Our participation in the English version of this task has been very positive, obtaining the first position, while in the Spanish version we have been in fourth place. We have also detected that in Spanish the mean average precision on the dev dataset (0.495) was much lower than that obtained in English (0.849). This may be due to the fact that the dataset used is not specifically pre-trained on tweets or on Spanish politics.
In the task of detecting fake news we have participated with two different approaches. On the one hand, we have used transformer models trying to extract linguistic features that identify fraudulent articles, and expecting good behavior from them. On the other hand, we have used a fairly simple Gradient Boosting classifier that uses linguistic features extracted through the LIWC tool, TF-IDF text features, and a TF-IDF representation of domain names retrieved from a Google search. We have used this second system as contrastive submission since its results were inferior to those of the transformer models. However, in the test dataset the best performance was obtained with this last model.

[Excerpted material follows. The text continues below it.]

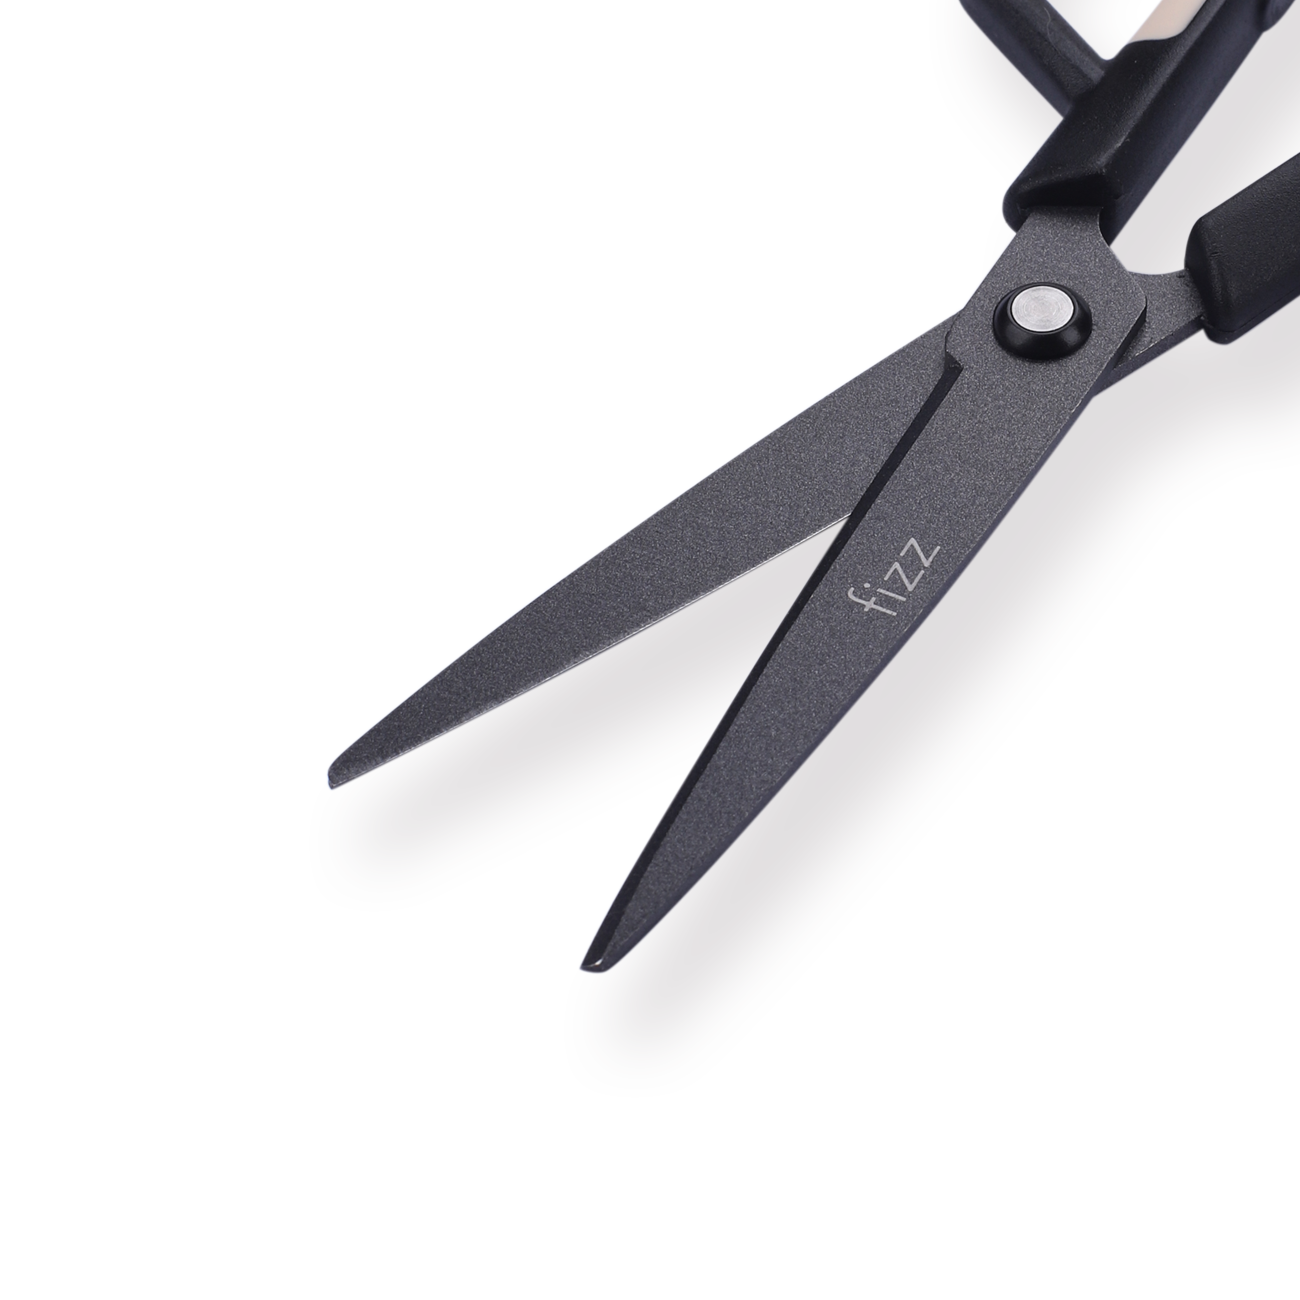 Multi-Purpose Mini Scissors Portable Functional Scissors Stainless Steel Detail Craft Scissors Hand Scissors for Art Crafts Projects(Pink)

Being our first participation in a fake news detection task, the result was positive, obtaining fourth place among 25 participants.
We think that although it can always be improved, the check-worthiness task can be approached reasonably well by means of transformers models, so our future work will be mainly devoted to investigating alternative methods to those used in this laboratory to tackle the task of fact-checking and detection of fake news, for example using knowledge methods to verify claims.
This work has been partially supported by the Spanish Ministry of Science and Innovation within the DOTT-HEALTH Project (MCI/AEI/FEDER, UE) under Grant PID2019-106942RB-C32, as well as project EXTRAE II (IMIENS 2019) and the research network AEI RED2018-102312-T (IA-Biomed).